Exercise details – With the exception of the pictures, transcribe the entire listing exactly.

Source material –
──────────────────────────────

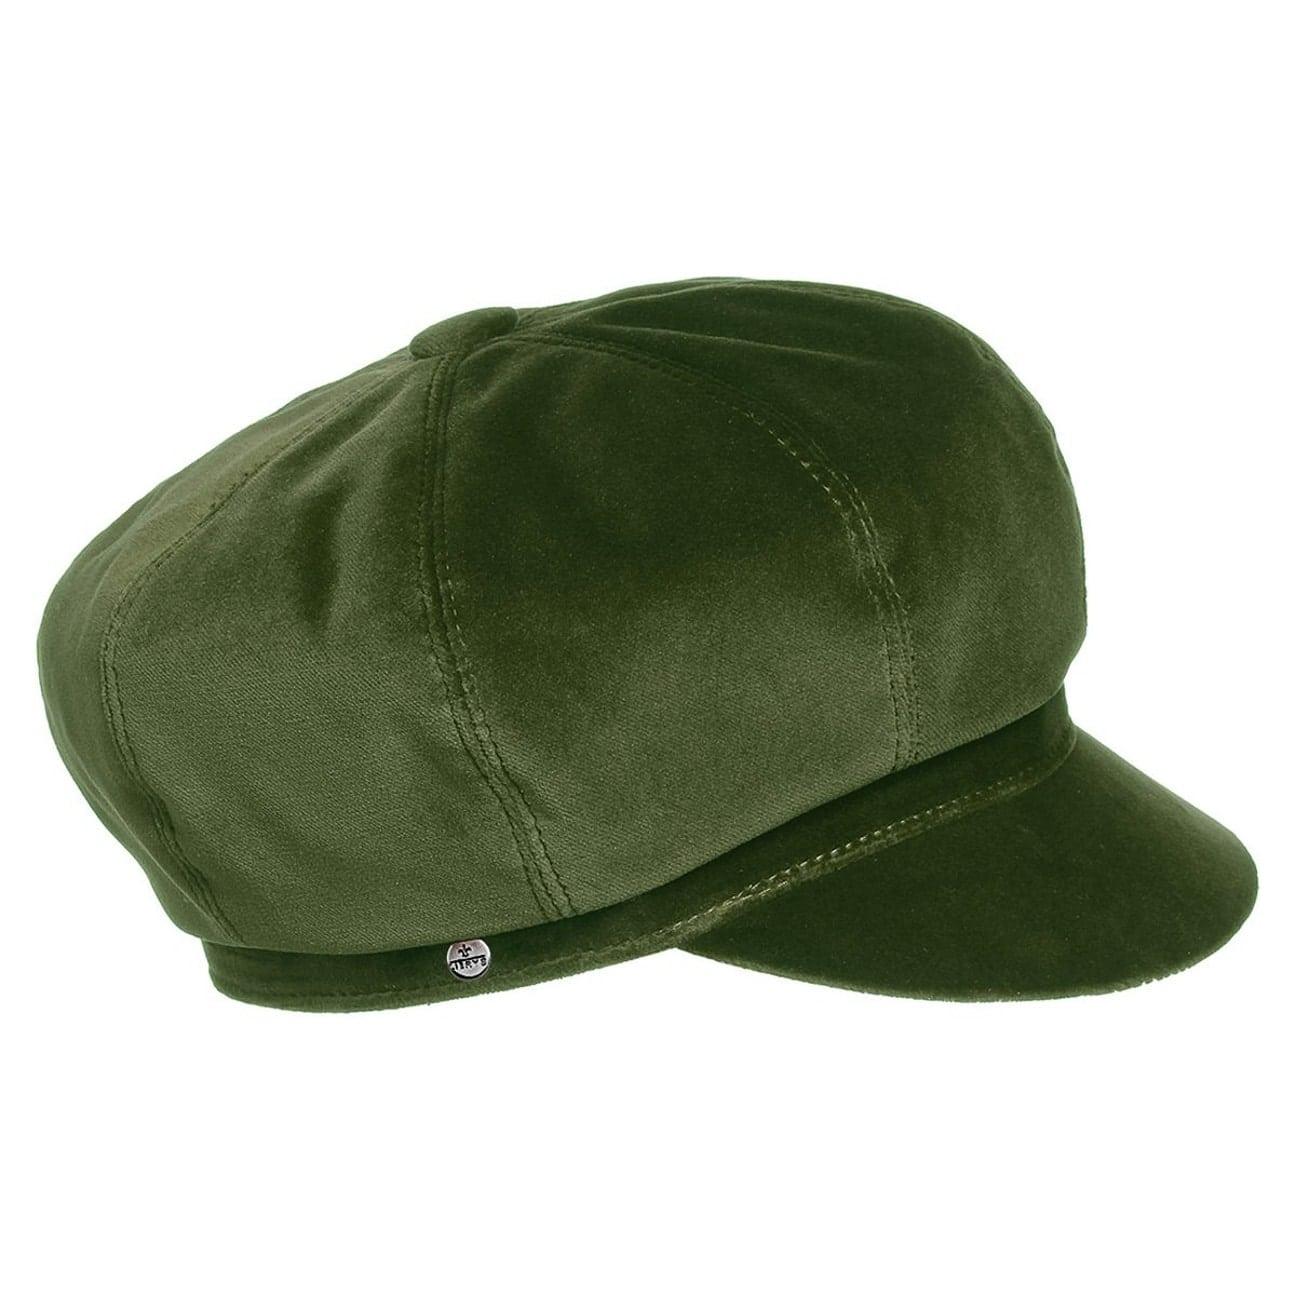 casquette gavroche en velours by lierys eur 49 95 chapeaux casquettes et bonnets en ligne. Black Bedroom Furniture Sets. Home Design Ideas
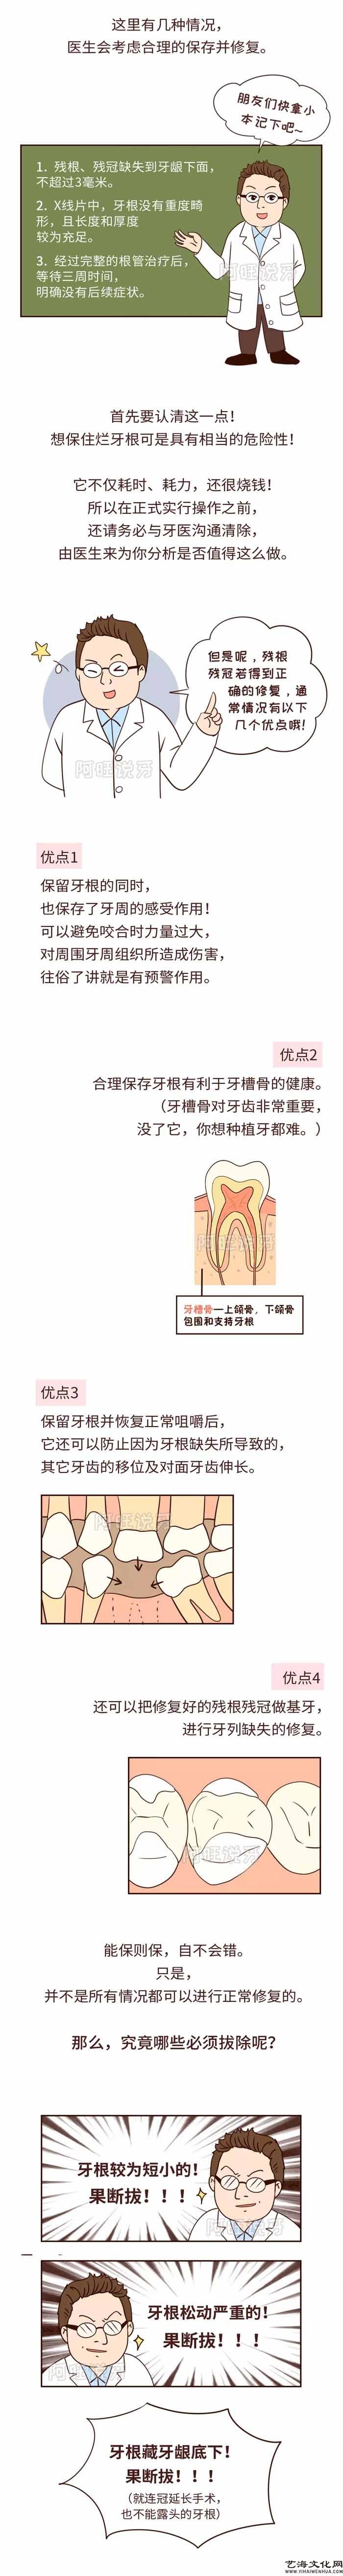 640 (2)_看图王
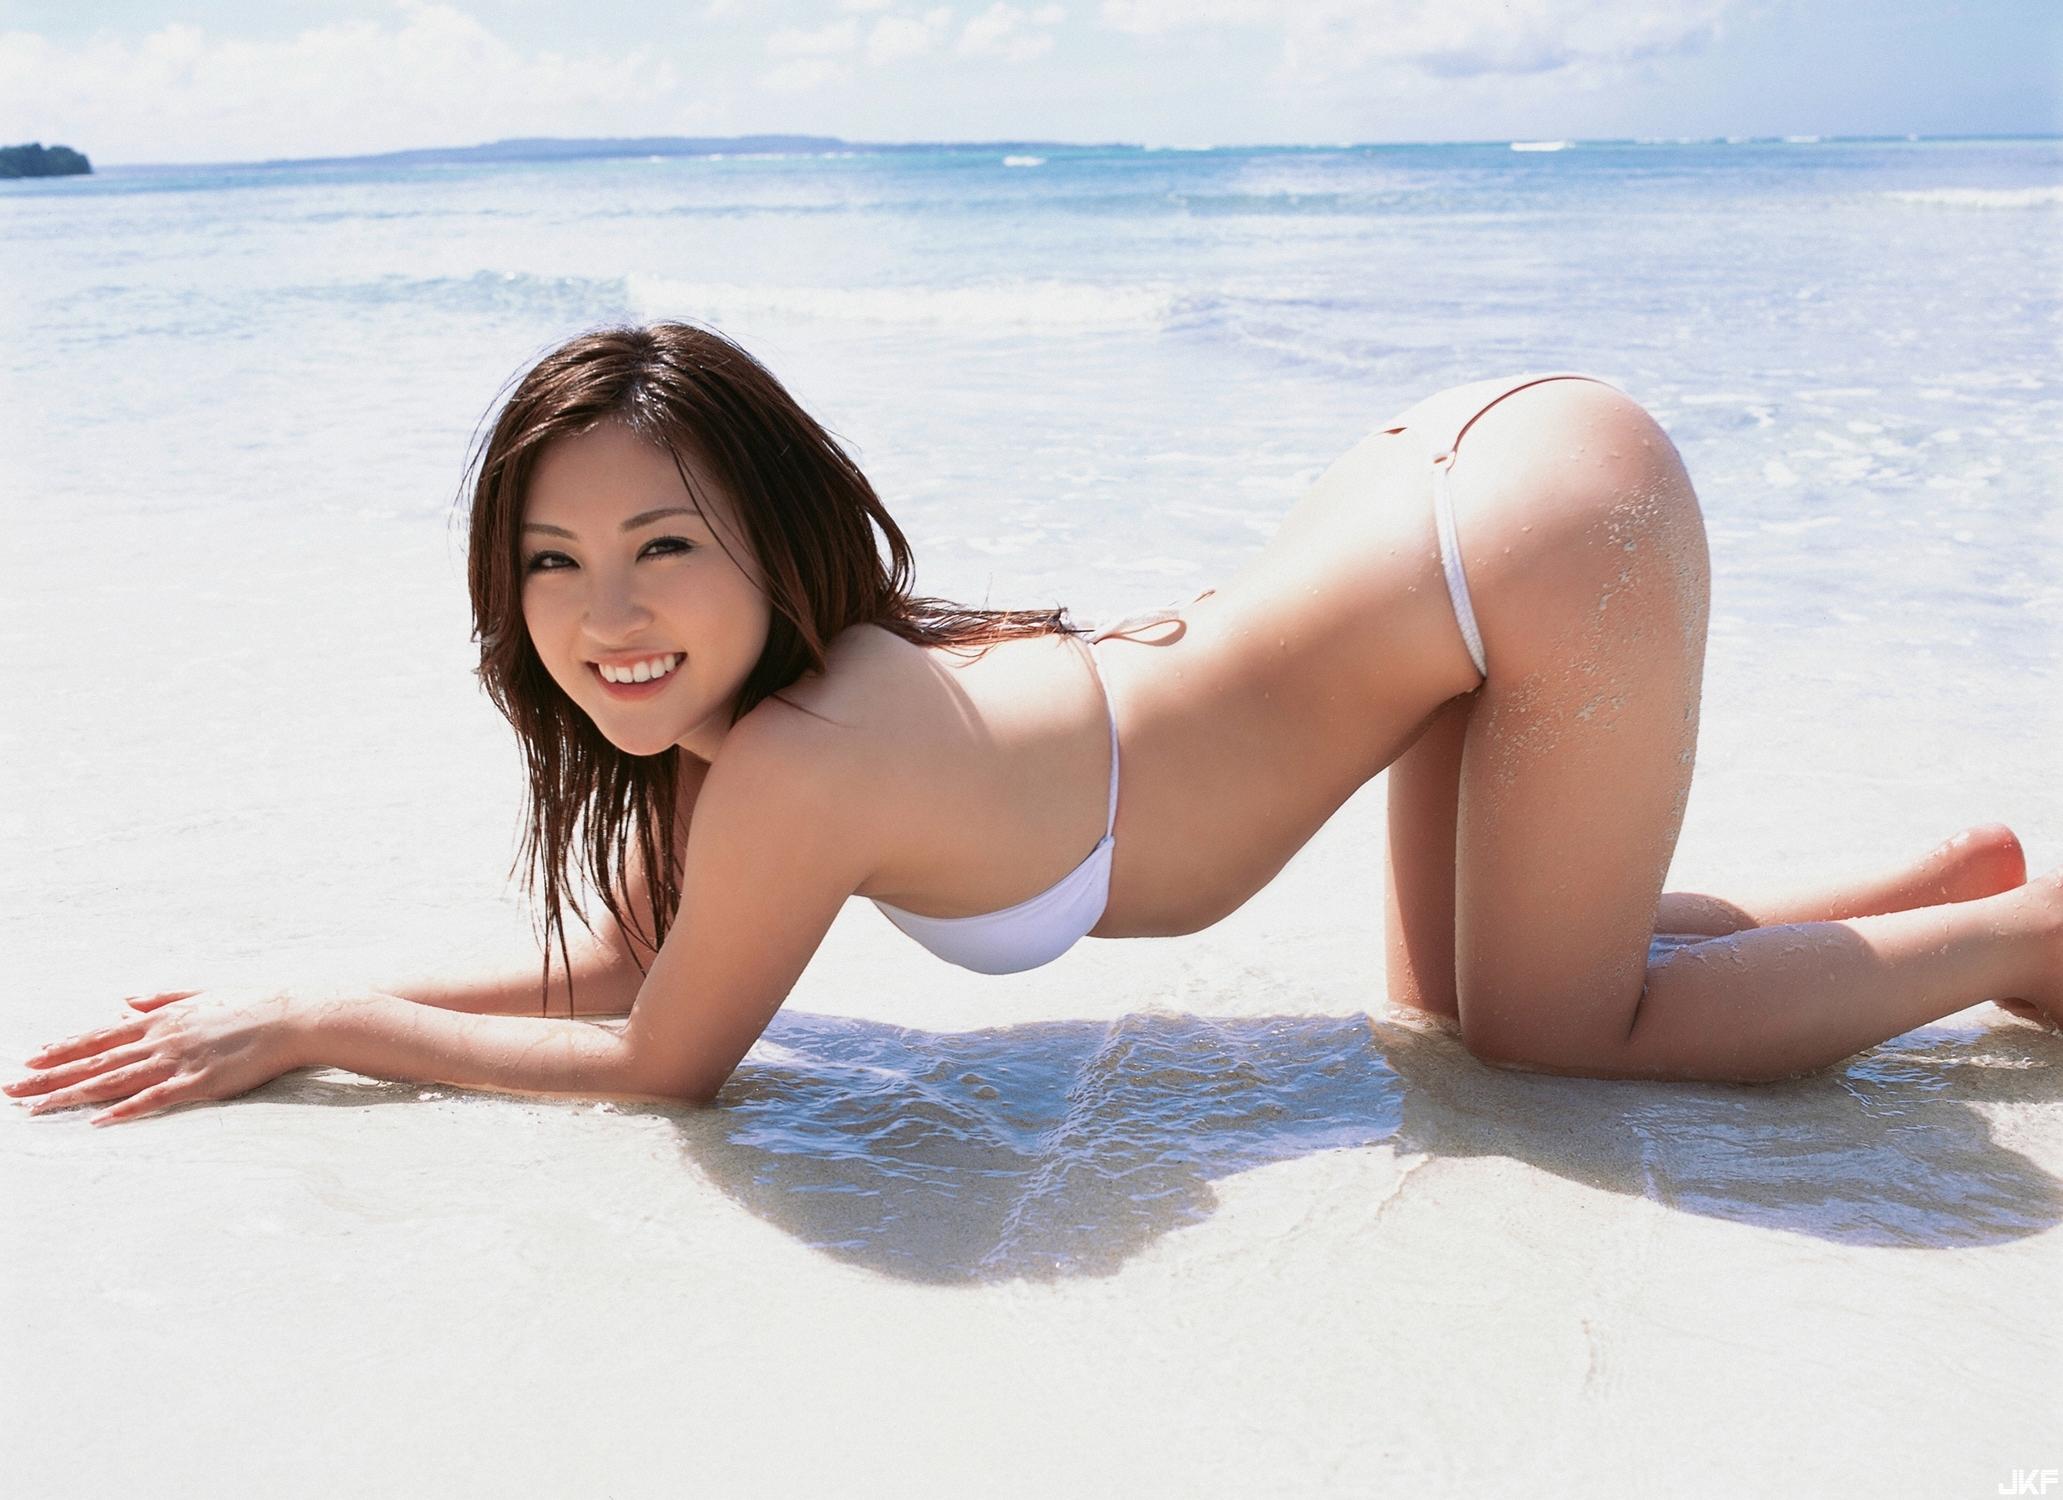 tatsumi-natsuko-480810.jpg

──────────────────────────────

Response –
 casquette gavroche en velours by lierys eur 49 95 chapeaux casquettes et bonnets en ligne. Black Bedroom Furniture Sets. Home Design Ideas
 640 (2)_看图王
 tatsumi-natsuko-480810.jpg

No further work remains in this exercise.